14. The one or more machine-readable hardware storage devices of claim 9, wherein the operations further comprise:

validating the dataset specification to ensure compliance with the schema.

15. The one or more machine-readable hardware storage devices of claim 9, wherein the operations further comprise:

validating the query to ensure that query is in compliance with the schema.

16. The one or more machine-readable hardware storage devices of claim 9, wherein the operations further comprise:

executing the query; and

based on execution of the query, retrieving, from a hardware storage device, data in accordance with the schema.

17. A system comprising:

one or more processing devices;

one or more machine-readable hardware storage devices storing instructions that are executable by the one or more processing devices to perform operations comprising:

accessing, from a hardware storage device, metadata specifying fields of one or more datasets stored in the hardware storage device and data specifying allowed operations;

generating a schema in accordance with the accessed metadata and the accessed data, with the schema specifying which of the fields are accessible in responding to a request;

receiving, from a client device by a computer system, a request for data based on the one or more datasets;

transmitting the request and the schema to an artificial intelligence engine;

receiving from the artificial intelligence engine a dataset specification that comprises a structured, machine-readable representation of the request that has been generated in accordance with the schema;

compiling the dataset specification into a query in accordance with the schema such that the query is executable to perform operations specified by the schema and access data specified by the schema; and

storing, in a hardware storage device, the compiled query for execution.

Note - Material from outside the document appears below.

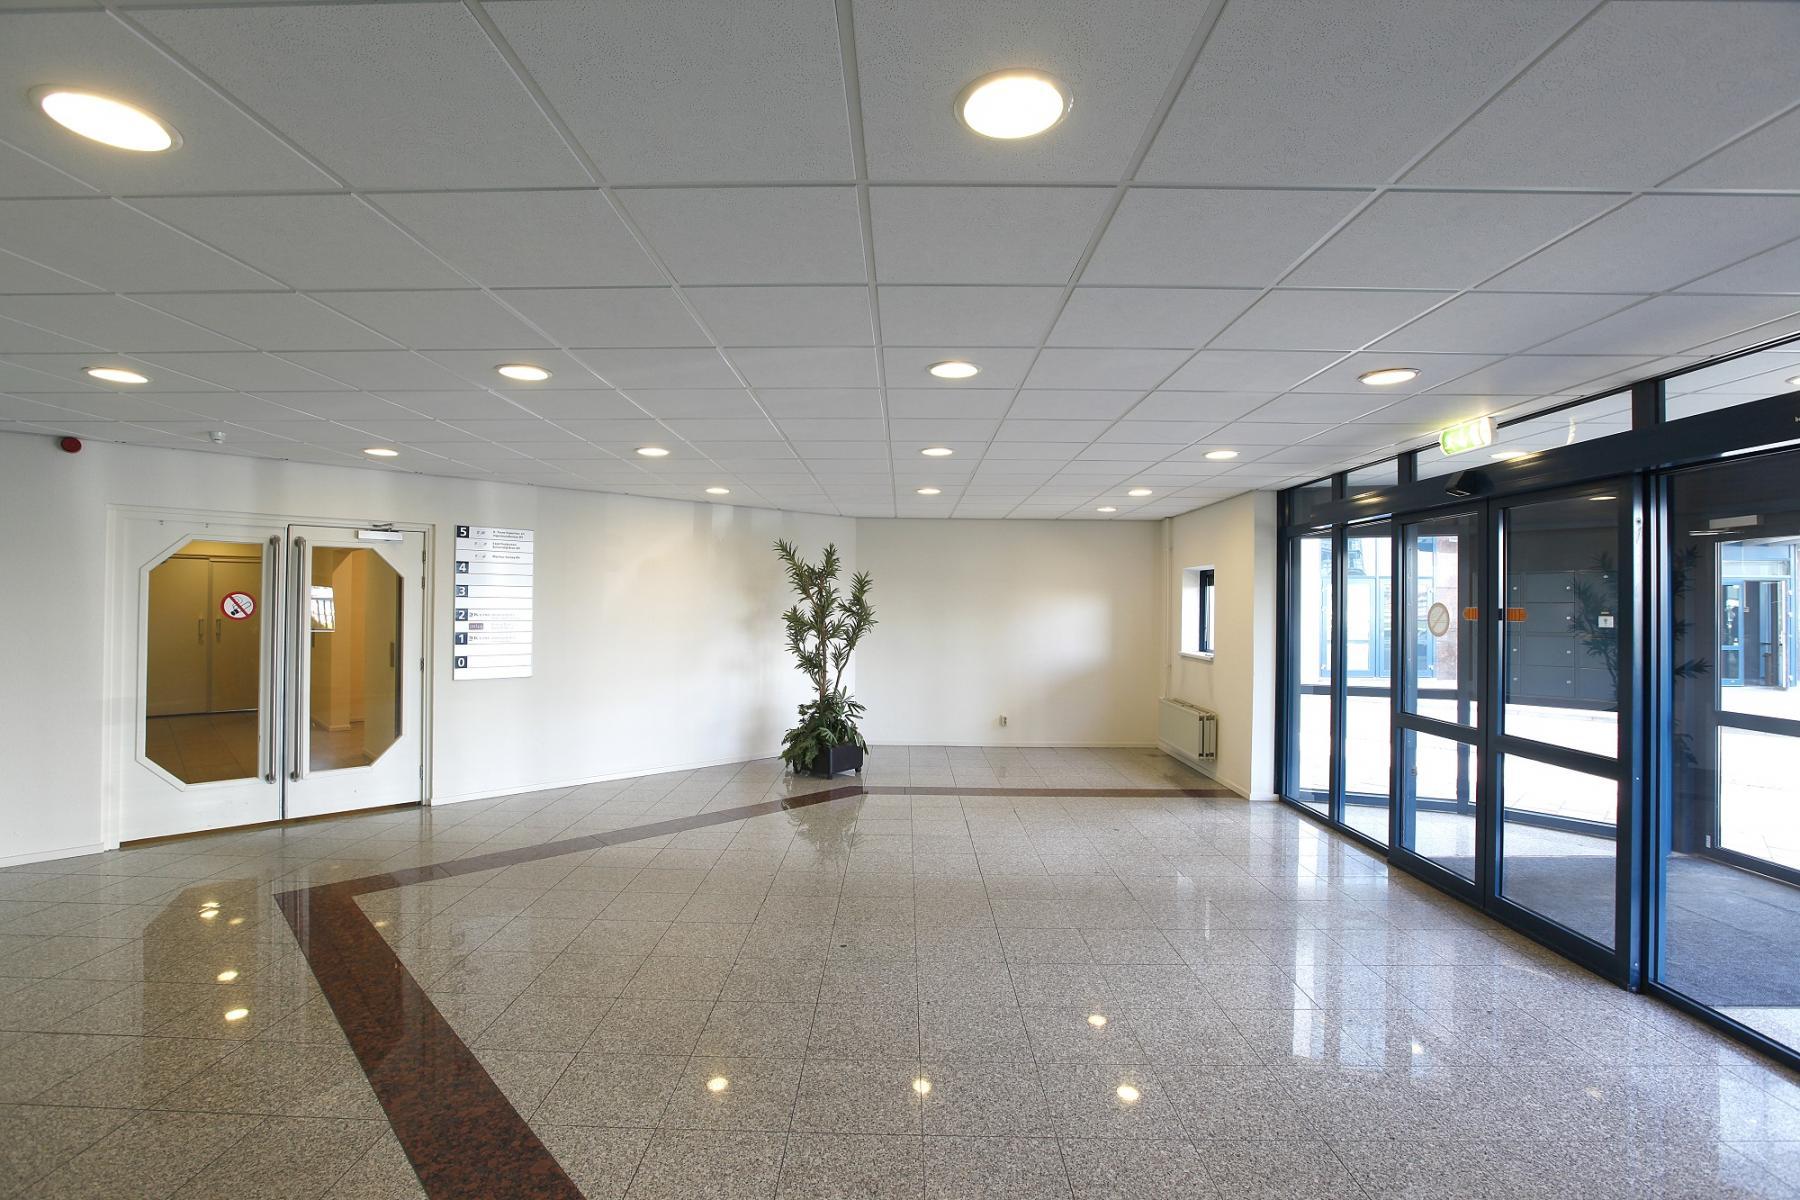 entrance office building doors green plant

18. The system of claim 17, wherein the dataset specification excludes requested data, when that requested data is specified by fields not represented in the schema.

19. The system of claim 17, wherein the schema is configured to exclude sensitive or personally identifiable information (PII) from accessible data.

20. The system of claim 1, wherein the operations further comprise:

accessing, from the hardware storage device, instructions specifying that personally identifiable information (PII) or other sensitive data is excluded from representation in a dataset specification, the method further comprising:

accessing pre-defined fields names indicative of PII or sensitive data;

accessing fields names of the one or more datasets stored in the hardware storage device; and

generating the schema to exclude from accessible data that data associated with fields names corresponding to the pre-defined field names indicative of PII or sensitive data.